Original topic: 其中一台tikv IO繁忙
【TiDB Usage Environment】Production environment
【TiDB Version】5.4.1
【Encountered Problem】One of the TiKV nodes has high IO usage. How should I troubleshoot this?
【Reproduction Path】
【Problem Phenomenon and Impact】
Is there any operation currently being performed? It feels like there is a hotspot.
Could you please provide the thread CPU details in tikv-details?
How is the distribution of Leader regions in the KV cluster?
Didn’t perform any operations.
The default value of tidb_gc_life_time
is 10m, which means that the data deleted 10 minutes ago will be cleaned up by GC. If you want to delete a large amount of data, it is recommended to set tidb_gc_life_time
to a larger value, such as 24h, before deleting. After the deletion is completed, set it back to the original value.

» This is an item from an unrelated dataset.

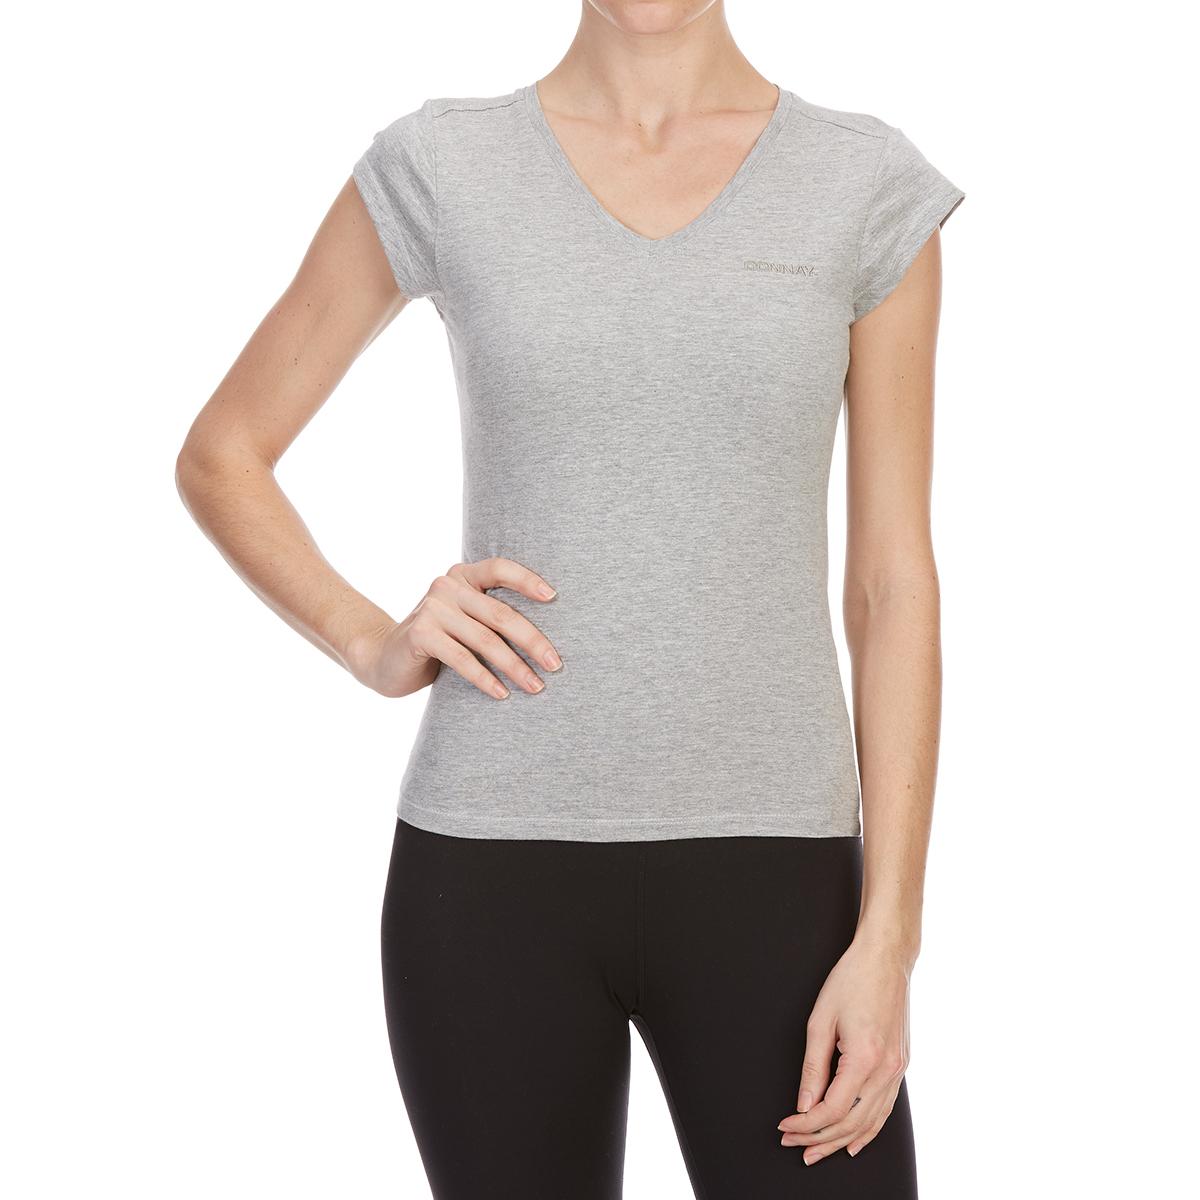 Donnay Women's V-Neck Short-Sleeve Tee - Black, 12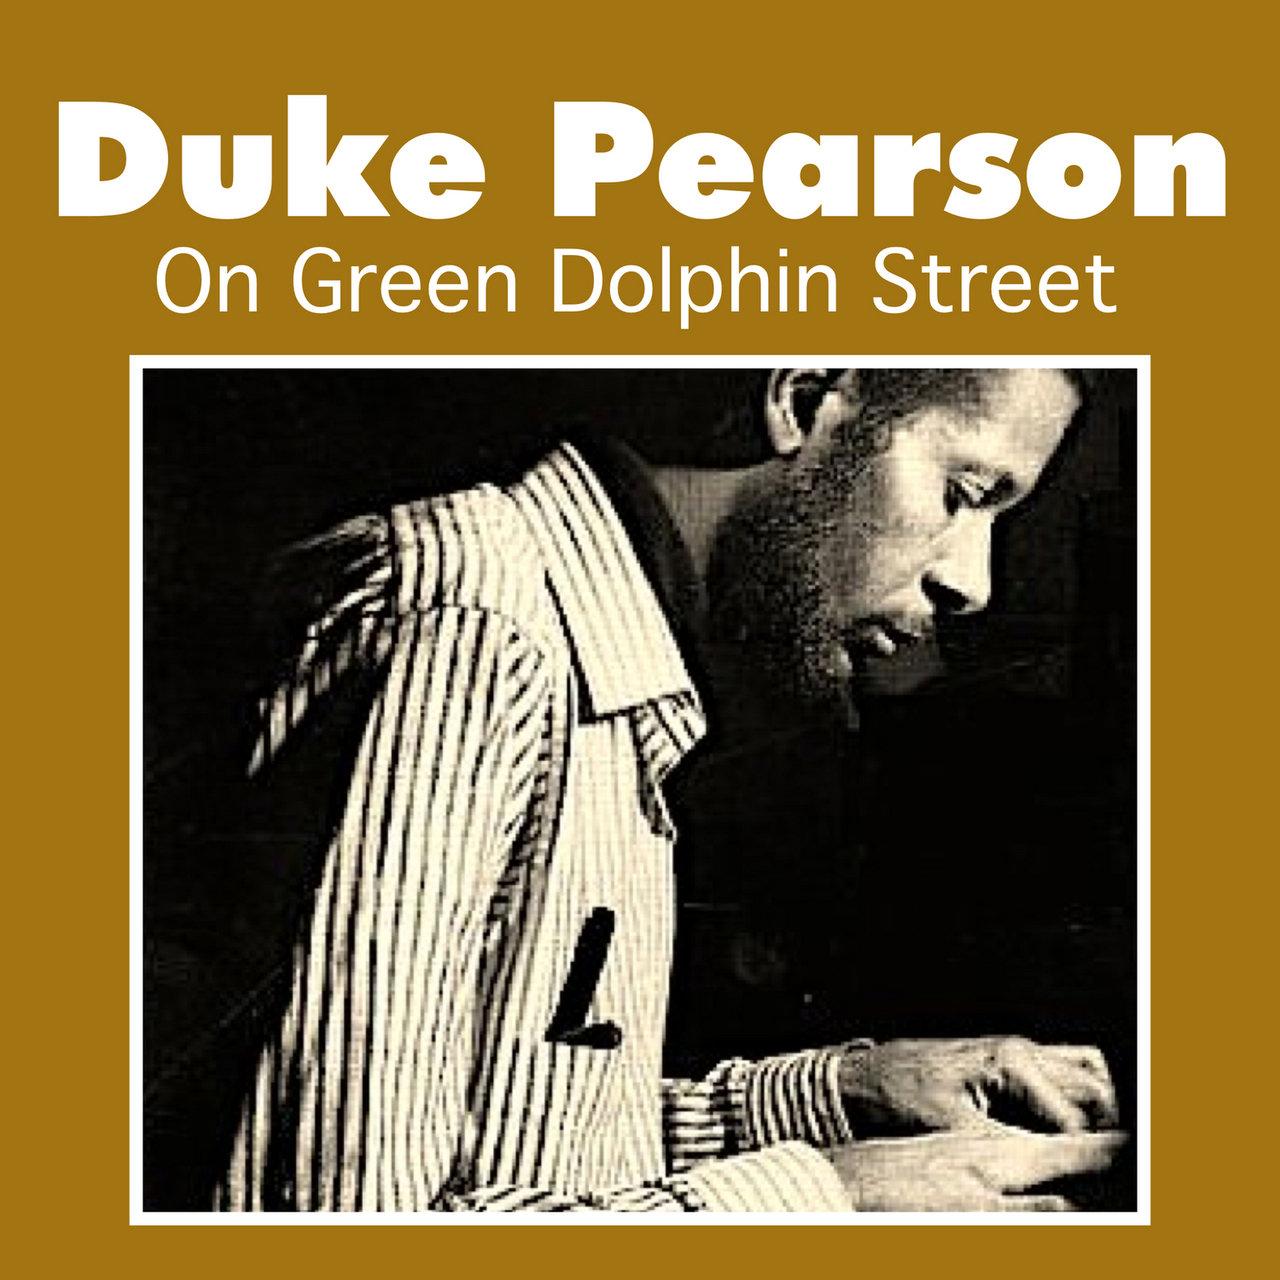 DUKE PEARSON - On Green Dolphin Street cover

Please take a screenshot of the unified read pool CPU. Additionally, check the disk usage to see if it has reached or exceeded 70%. The logs seem to indicate that there are many large transactions being committed.
The image is not visible. Please provide the text you need translated.
The image is not visible, please provide the text you need translated.
If the number of regions is consistent and there are no hotspot issues, it could be a hardware problem…
Some investigation is needed.
It doesn’t seem like there’s a hotspot issue. Could it be that the disks on the three machines are inconsistent, or the disks are almost full, triggering a write stall or something similar?
First, rule out the possibility of hotspot issues.
The other three KV nodes are all 163G, but this problematic node is using 152G.
Check to see whether it is rocksdb raft or rocksdb kv that is consuming the IO.
Take a look at these few places to see if there are any high latency situations.
The leader distribution is okay. Which hotspot are you referring to?
https://metricstool.pingcap.com/#backup-with-dev-tools Export the TiDB\TiKV detail\overview\node_export (hosts with high I/O) monitoring by clicking here. Make sure to expand all and wait for all panels to unfold and load the data completely.